Me es difícil quedarme con un
sólo un momento de tantos que he vivido
en nuestro viaje por tierras de Soria.
Todos han dejado su huella. Aún me parece sentir dentro de mí los ecos de la
voz de Cesar o de Ricardo o del director del Instituto Antonio Machado. Aún
siento el frío y la pureza de la Laguna Negra, la nostalgia de Valdegeña, la
tensión y la intriga de la leyenda del Monte de las Ánimas, aún siento el sol
acariciándome la piel en el paseo junto al Río Duero, aún oigo las risas de mis
compañeros en medio de la noche soriana.
Aunque si pudiera elegir un momento que me
gustaría vivir eternamente, me quedaría con la primera noche, cuando fuimos al
cementerio y Jana y yo contamos una historia de miedo. Fue como si, de repente,
el tiempo se detuviese y todo el mundo desaparecía. Sólo quedábamos ella y yo. Ella
y yo y el cielo estrellado. Suele ser
así cuando estamos juntas. Empezamos a
hablar, a abrir nuestro corazón y, de
los lugares más escondidos, iban surgiendo las palabras precisas que formaban esa
historia totalmente improvisada. Mientras una hablaba, la otra podía imaginar
perfectamente lo que iba después. No había dudas, no había inseguridad. Nunca
la hay cuando estás unido al alguien tan fuertemente. Y transcurrieron no sé si
diez minutos o media hora. Quién sabe, qué importa. Qué importa el tiempo cuando eres tan feliz.
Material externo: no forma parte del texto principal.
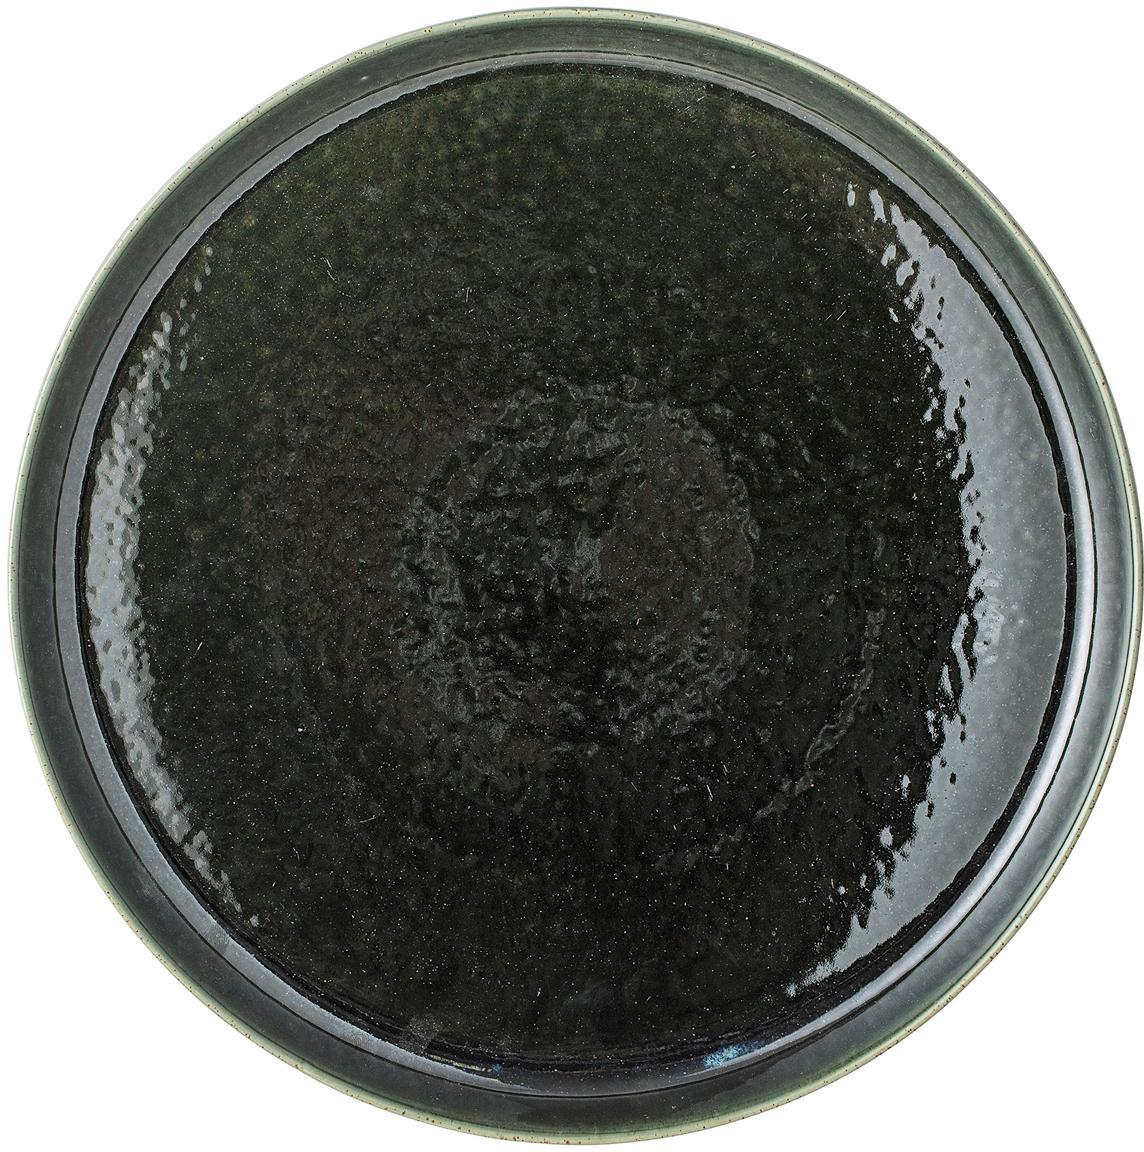 Handgefertigtes Tablett Lara, Steingut, Grün, Ø 33 cm

Estábamos
en el lugar perfecto, rodeadas de las personas perfectas, a la hora perfecta. Creo
que entonces comprendimos el secreto de la vida, lo bonita y sencilla que puede llegar a ser la
vida cuando todo va bien, cuando nada te preocupa, cuando todas las guerras
piden una tregua.
Soria, nos has unido aún más, nos
has transmitido tu magia y tus derrotas, y hemos decidido que volveremos, y que seremos
los mismos jóvenes, con historias diferentes, pero con la misma ilusión de sentarnos una
noche muy fría en un cementerio que no debería estar abierto y contar un cuento
cuyo nombre ya no recuerdo, porque eso es también lo de menos.